# need advice



## G4ever

i need pointers on used car shopping. anything is welcome and anyways someone could fuck you over when you buyin. what are some things to look out for?


----------



## slammedtoys

always hit them with a low price, that your willing to pay, most these people around get the cars from auctions so they can sell them way cheaper then what they say on them, also never trust a car sales man, they are all full of shit. if your dead serious about buyng a car then do a car fax report on it. they cost like 20 for a month subscription and well worth the money, always take your car to a few diffrent shops to have them look it over, before agreeing to buy make sure you see the title, look at the milage on the title and if its ever been salvaged, make sure there are not huge diffrences in milage from the title and the current milage. and last but not least go to a respectable car lot, you may pay a little more up front but chances are it will save you money in the long run. most car lots that are bigger scale inspect all the cars before the sale


----------



## G4ever

well i'm buying from someone directly and i'm takin it to my uncles shop so i'm good there.

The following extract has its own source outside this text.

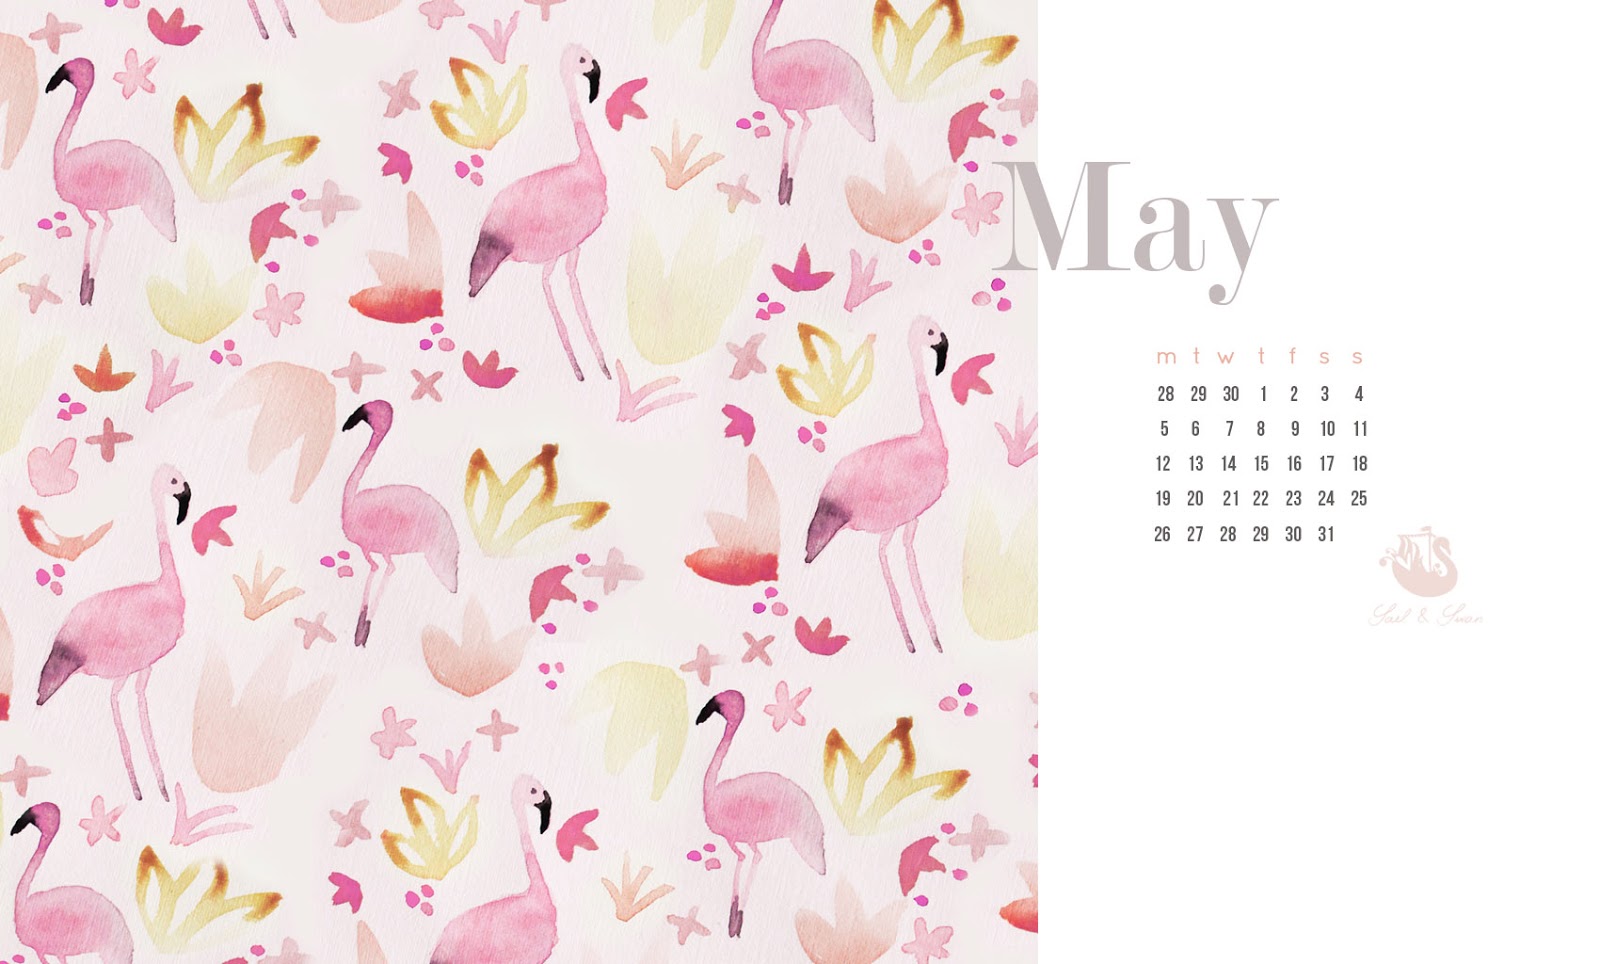 free desktop background watercolor painted pattern flamingos sail and

Its an old car so thats the only thing i'm a lil worried bout. the other thing is that i told him i would pay 2 gs for it but i would rather get it for 15 hundred.


----------



## slammedtoys

what kind of car is it? when you go see it say hey i only got 1500 take it or leave it, if he wants to sell it bad enough then he will give it to you for that price, but remember its eaiser to say no to an offer over then phone then it is when the person sees the cash in hand, just make sure you got the other money tucked away in another pocket just in case, check the body for rust and the frame for rot. make sure every thing looks the way it should, no half ass wiring or shit like that


----------



## G4ever

its a 78 caddy deville coupe. its one of the cleanest cars i have seen in my life. no rust or anything and the stock radio still works the guy is out of work so i think ill get what price i ask


----------